Una questione che ha fatto molto discutere è stata inoltre quella delle conseguenze di un’eventuale maggioranza contraria al decreto. Per i fautori della libera circolazione era chiaro che un no alle urne non solo avrebbe messo fine all’accordo sulla libera circolazione, ma avrebbe fatto scattare irrimediabilmente la clausola ghigliottina, facendo crollare l’intero impianto dei bilaterali I.

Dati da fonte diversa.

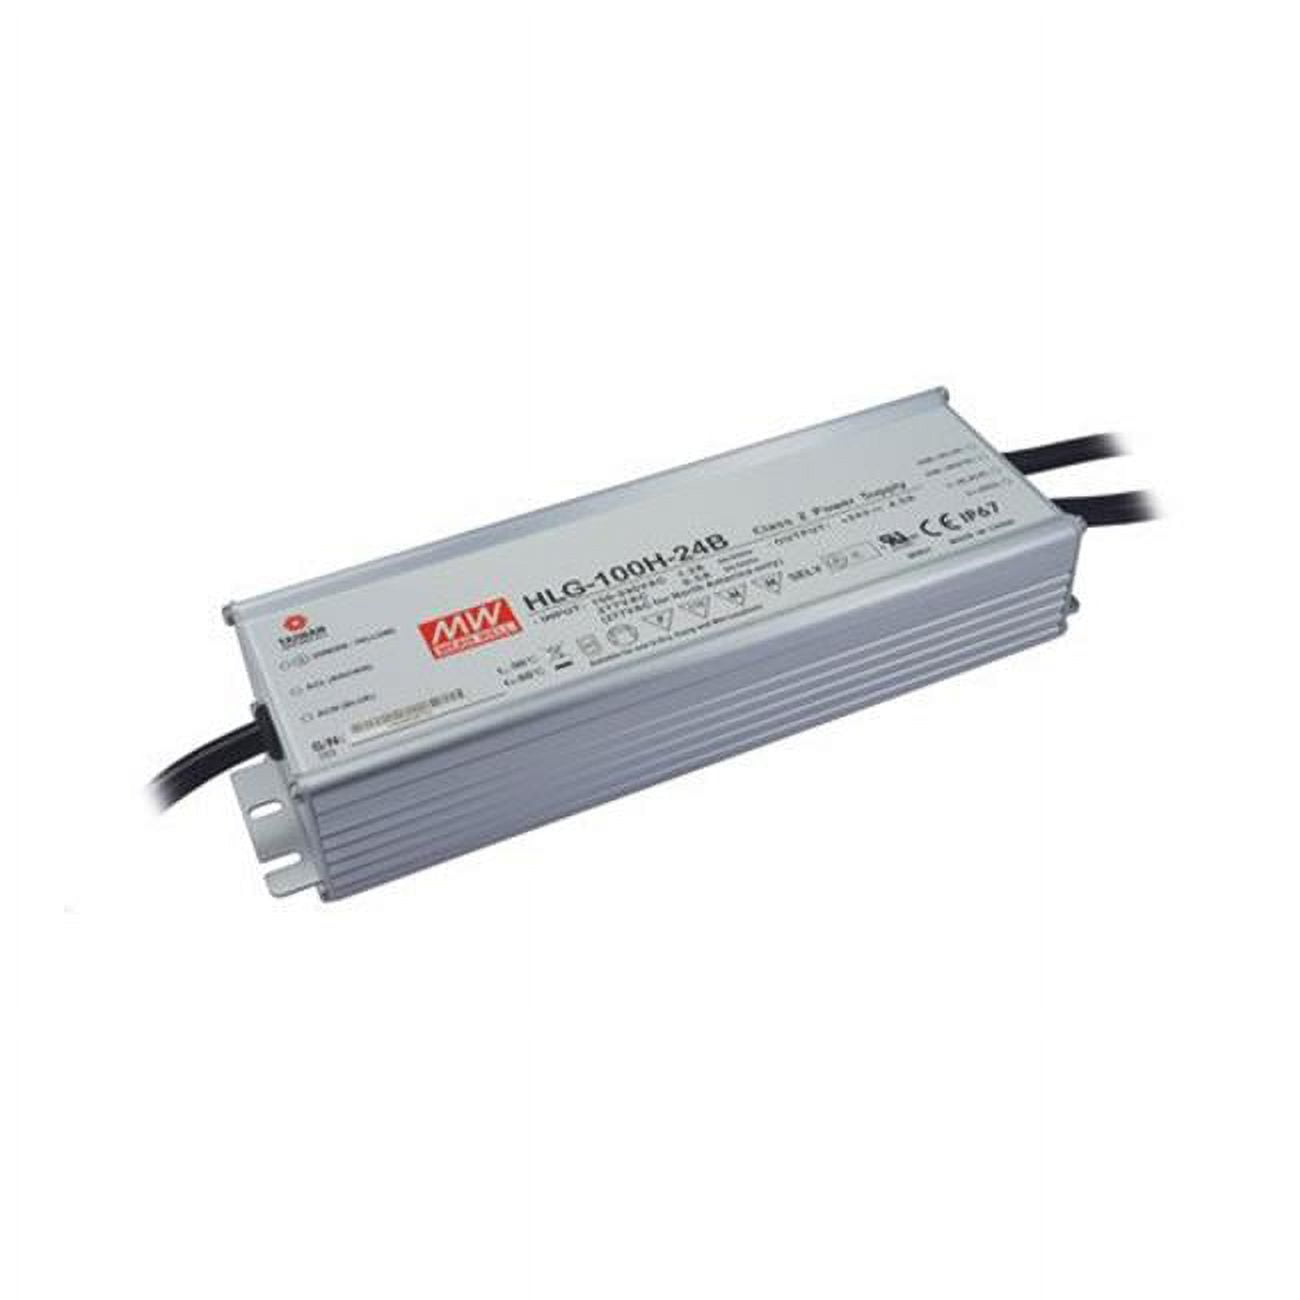 Ccv-dr100-24 100w 24v Dimmable Driver

Il fronte del no affermava invece che la clausola ghigliottina scatterebbe solo se uno dei due partner abrogasse esplicitamente l’accordo. Non avendo i due partner interesse a che questo accada, rimarrebbe lo spazio – secondo i sostenitori del no – per rinegoziare l’estensione della libera circolazione delle persone alla Romania e alla Bulgaria.

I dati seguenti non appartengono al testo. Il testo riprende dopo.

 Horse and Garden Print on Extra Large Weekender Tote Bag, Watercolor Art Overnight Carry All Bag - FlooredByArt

L’argomento si basa sul fatto che secondo la lettera dell’accordo, la clausola ghigliottina scatta sei mesi dopo la notifica del mancato rinnovo dell’accordo. E la notifica dovrebbe avvenire «prima che scada il periodo iniziale» dell’accordo, vale a dire entro la fine di maggio, altrimenti l’accordo sarebbe tacitamente prorogato.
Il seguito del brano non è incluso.